Some Thoughts™ I had while putting this together (under the cut):
In All Systems Red, Murderbot notes that the PresAux crew are all close friends (twice! and goes on to explain their internal relationships which I think is very cute). This is pretty much the only use of 'friends' in ASR, except for when Murderbot says that SecUnits can't be friends with each other.
It seems that this may be one of the first times Murderbot has ever really been around a group of friends before? Murderbot notes that this is not the norm for its contracts and admits that the fact that they are all friends and the way they interact with each other make it actually enjoy that contract (before!!!! the hostile attack, so it already enjoys this contract before they start seeing it as a person etc ghghhhh). [Inference: Friendship seems enjoyable.]
The first character that calls Murderbot its friend is ART in Artificial Condition. Murderbot immediately refutes this (and then goes on to call ART its friend to its clients for the rest of the book). [Inference: Maybe ART is Murderbot's friend. And maybe that is... agreeable]
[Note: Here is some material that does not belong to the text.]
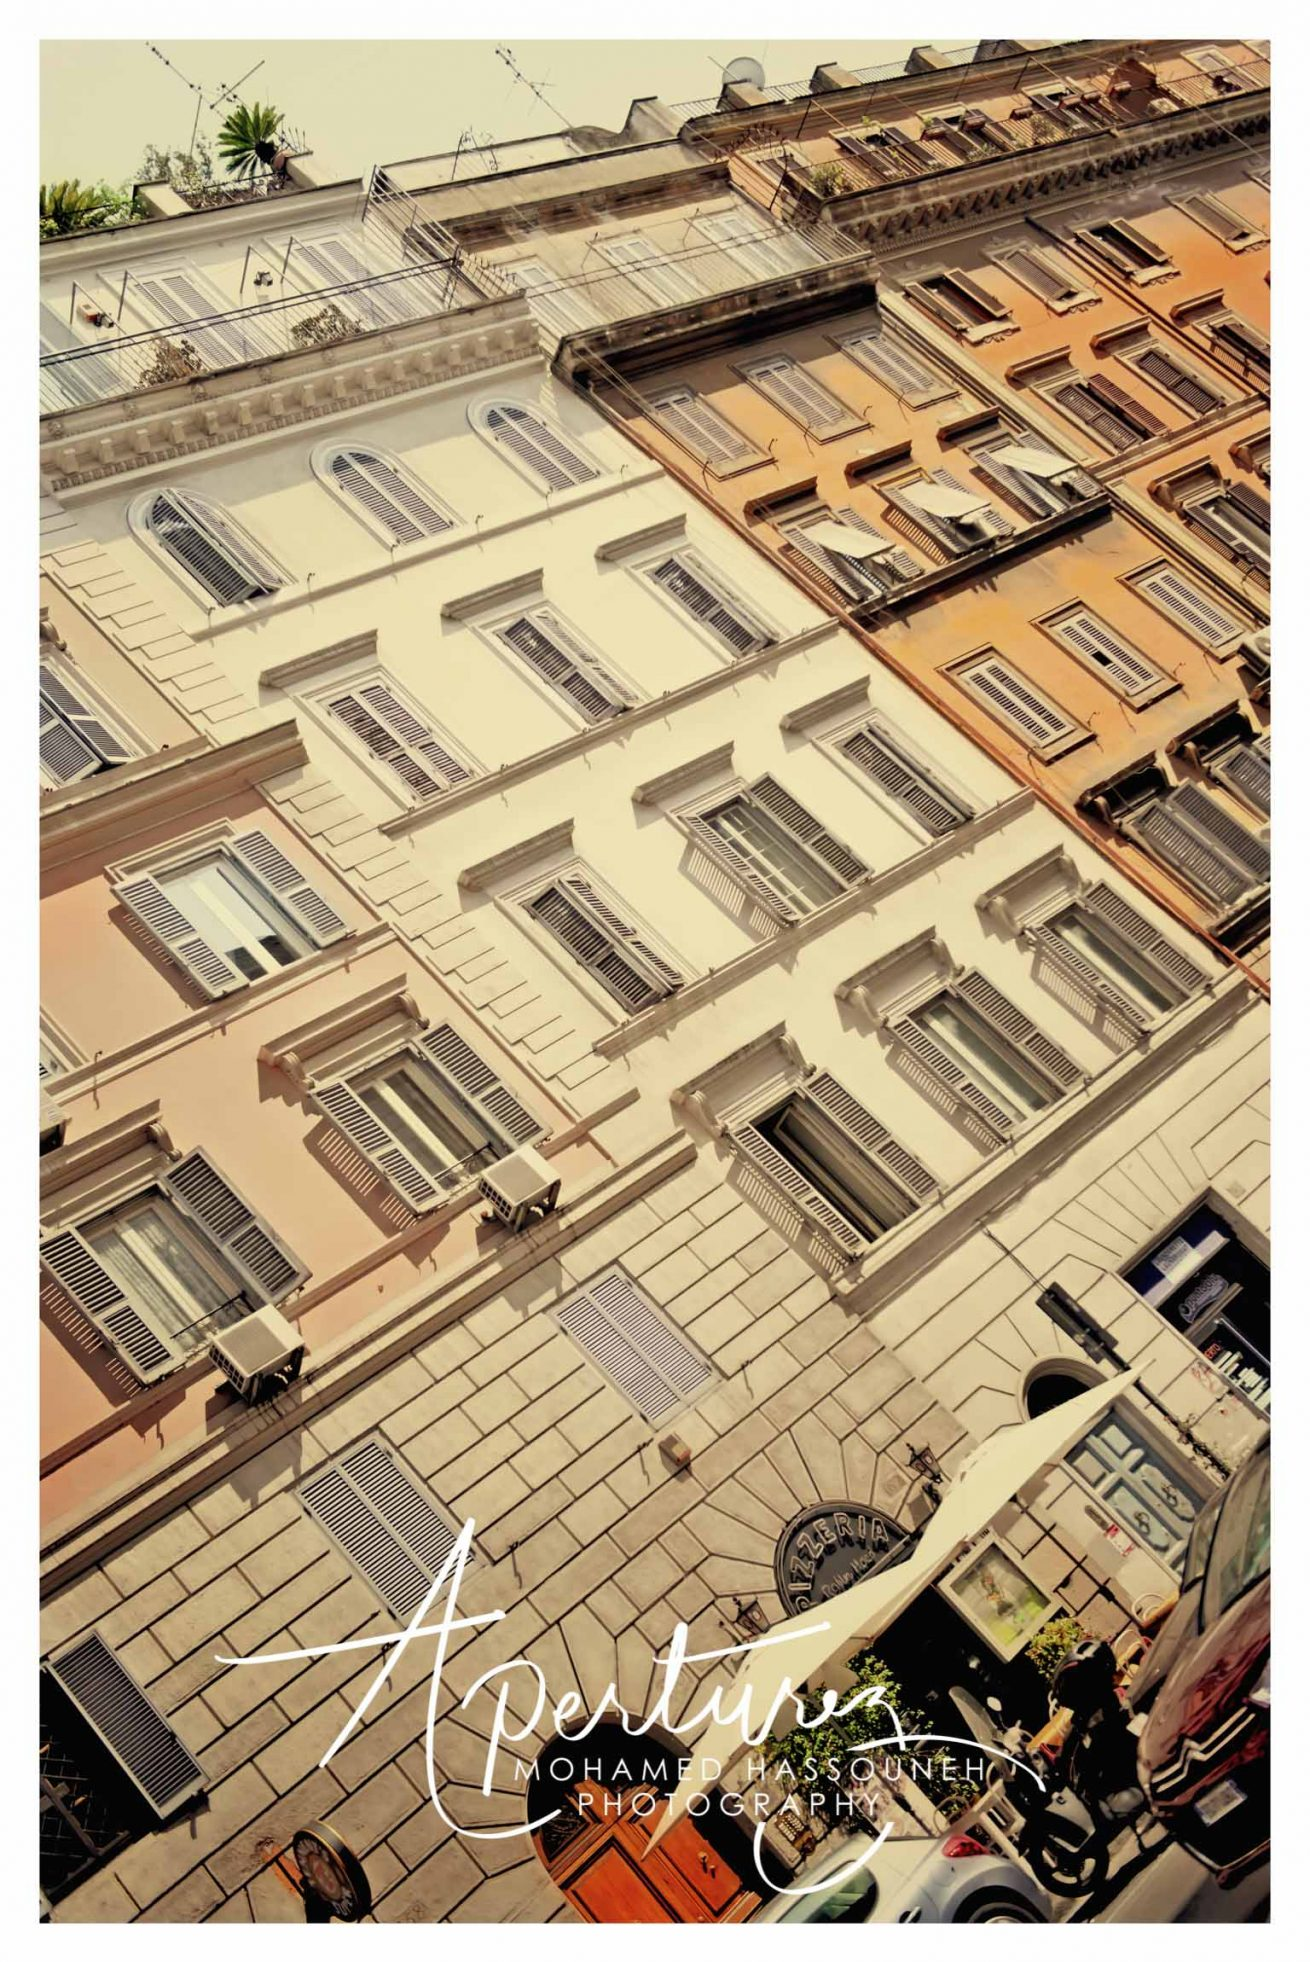 166 Via Cavour Rome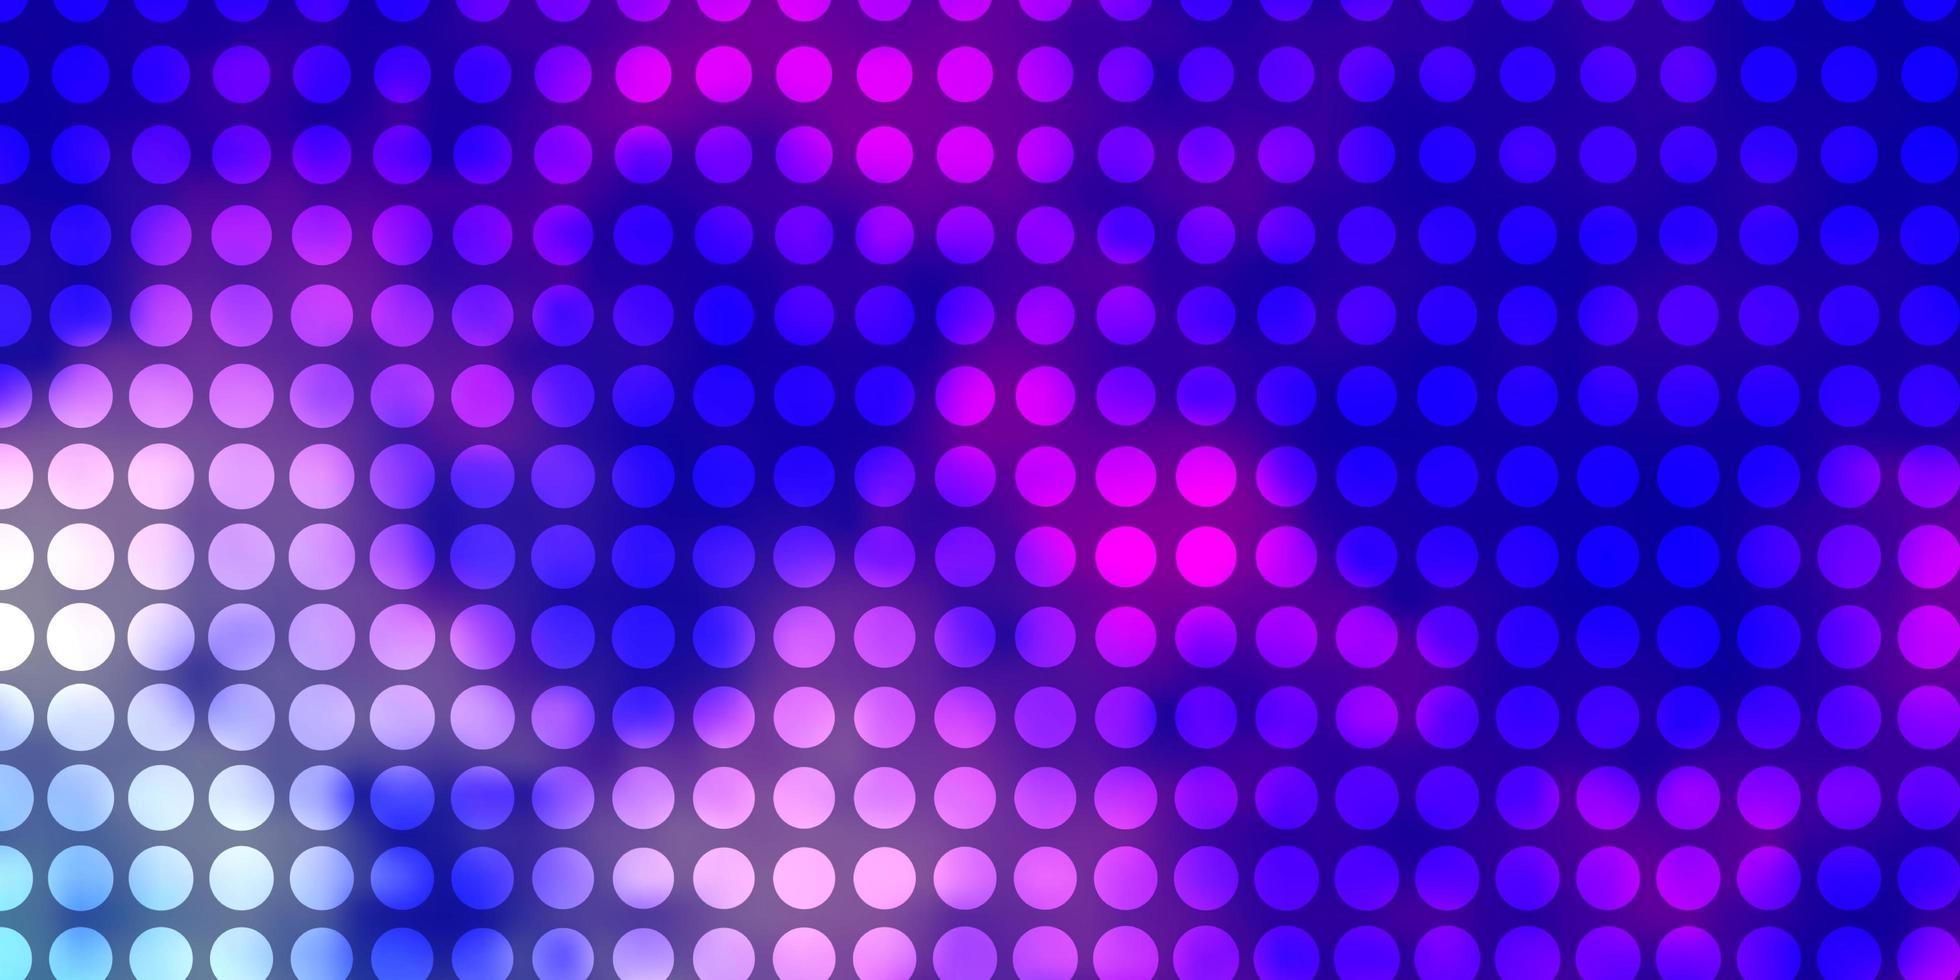 texture de vecteur rose clair, bleu avec des cercles.

Rogue Protocol has more than twice as many instances of the word 'friend' as any of the other novellas. Why? Miki. Friendship and its implications for non-humans are a central theme because Miki is friends with everyone. Murderbot initially scoffs at the notion that Miki and Miki's humans are friends. At the end of the book, after witnessing how desperately Don Abene tried to stop Miki from trying to save them, and her grief after its death, Murderbot has to admit that she had in fact been Miki's friend. [Inference: Humans can be friends with bots and can sincerely care about them]
In Exit Strategy, Murderbot tentatively uses the word "friends" for its humans for the first time (several times actually). It questions whether it can actually call them its friends or not and later realizes that it had been afraid what admitting that the humans are its friends would do to it. At the end of the book, Mensah tells Murderbot the PresAux crew are its friends, which is the first time a human has directly said that to it (at least on-page). [Inference: Humans can and want to be Murderbot's friends]
In Network Effect, Murderbot seems to be more habituated to the word 'friend', confidently calling ART and Ratthi its friends, like it is no longer just trying the concept on unsure if it fits. There are many instances in which other characters refer to MB as ART's friend or the other way around and Murderbot's humans refer to Murderbot as their friend several times. Generally, there seems to be less hesitancy, because yes, all of them are Murderbot's friends, why wouldn't they be. [Inference: SecUnits can have friends. This SecUnit has friends. They care about it a lot.]
Conclusion: The Murderbot Diaries tell the story of a construct that does not seem to consider the possibility of friendship for itself and is fine with that - until it accidentally starts caring a little too much and suddenly more and more people annex it as a friend (ew) to the point where it can no longer deny that this is happening and has to begrudgingly admit that yes, it has friends now and maybe that is actually not a bad thing.